To explore the genomic characteristics of ASFV_GZ201801_2, we aligned all the available ASFV whole genome sequences in China and ASFV Georgia 2007/1 that circulated in Eastern Europe, for more than a decade ago, with the improved ASFV_GZ201801_2. ASFV GZ201801_2, ASFV Georgia 2007/1, and other early strains shared several indels and substitutions, which led to high overall nucleotide identification (from 98.3% to approximately 100%). The 5′-end of the genome of ASFV_GZ201801_2 exhibited characteristics similar to those of ASFV Georgia 2007/1 (FR682468.2); however, several isolates from China demonstrated homogeneous 5′-end deletions, except for three strains (MN393476.1, MN393477.1, and MZ614662.1).
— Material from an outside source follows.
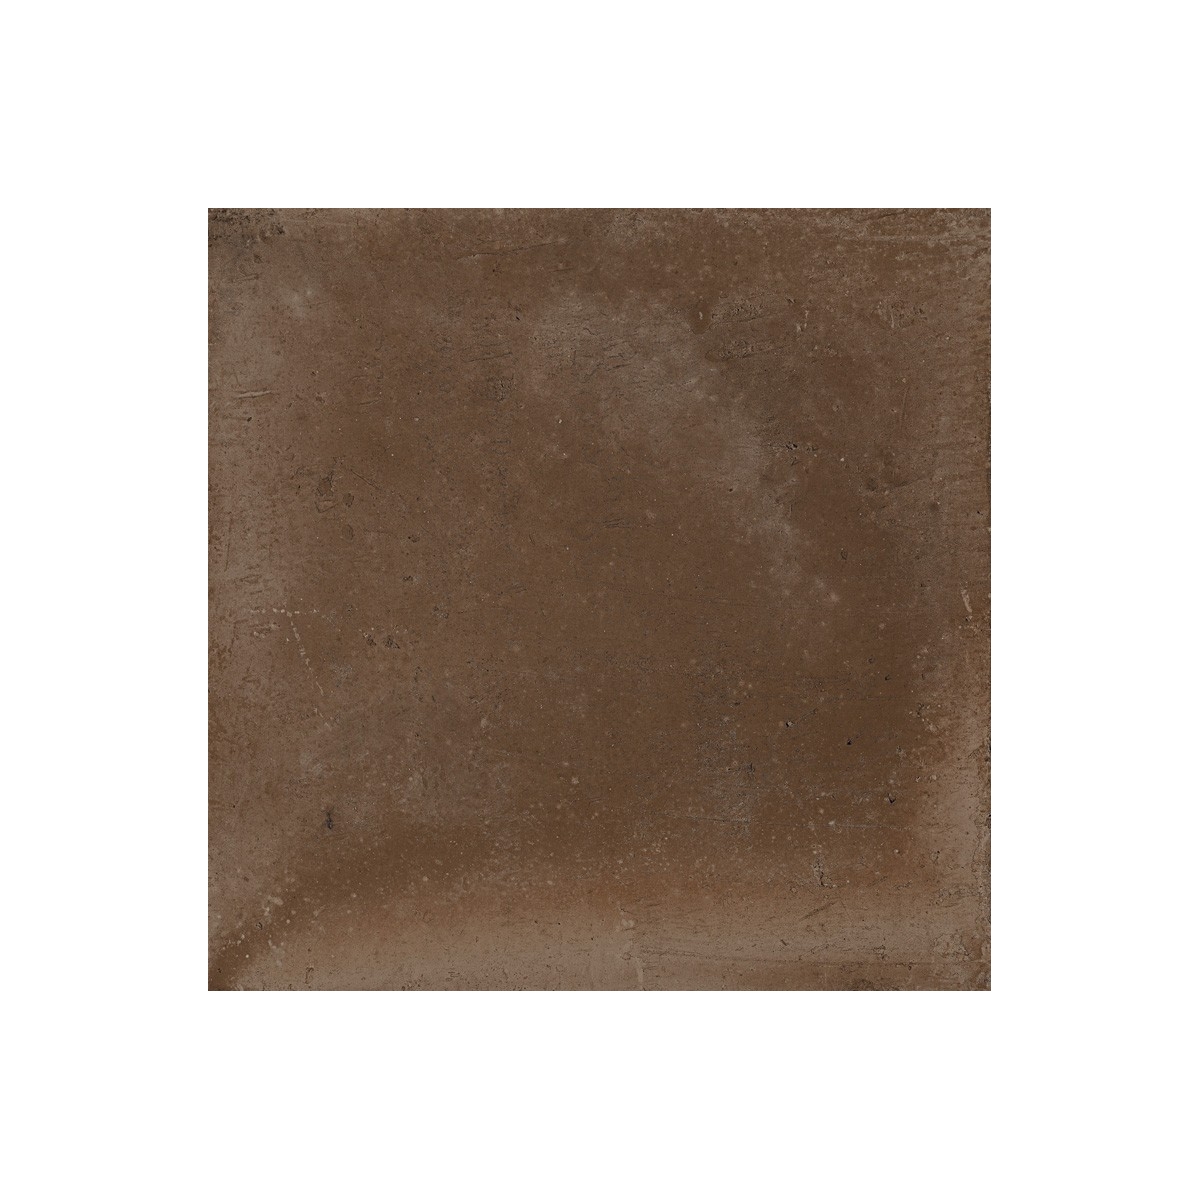 Pavimentos imitación hidráulico Gaya Fores - Rustic Moka 33,15x33,15 cm (caja 1.32 m2)

We further compared our verified sequence to ASFV Pig/HLJ/2018 and found 5 indels and 6 substitutions located in homopolymer regions, which may be associated with sequencing errors. Similar findings were also observed in several other early strains from China. Furthermore, we demonstrated that the recent strains, in China, had undergone more variations and showed more diversity than earlier strains (Figure 3).

Figure 3.

Figure 3

ASFV genome from China and Georgia 2007/1, which has been considered as the original strain circulating around Eurasia since 2007, showing the entire genome frame map of all genome-wide sequences compared to GZ201801_2. Each red line represents a site mutation, and the vacant positions represent deletion regions.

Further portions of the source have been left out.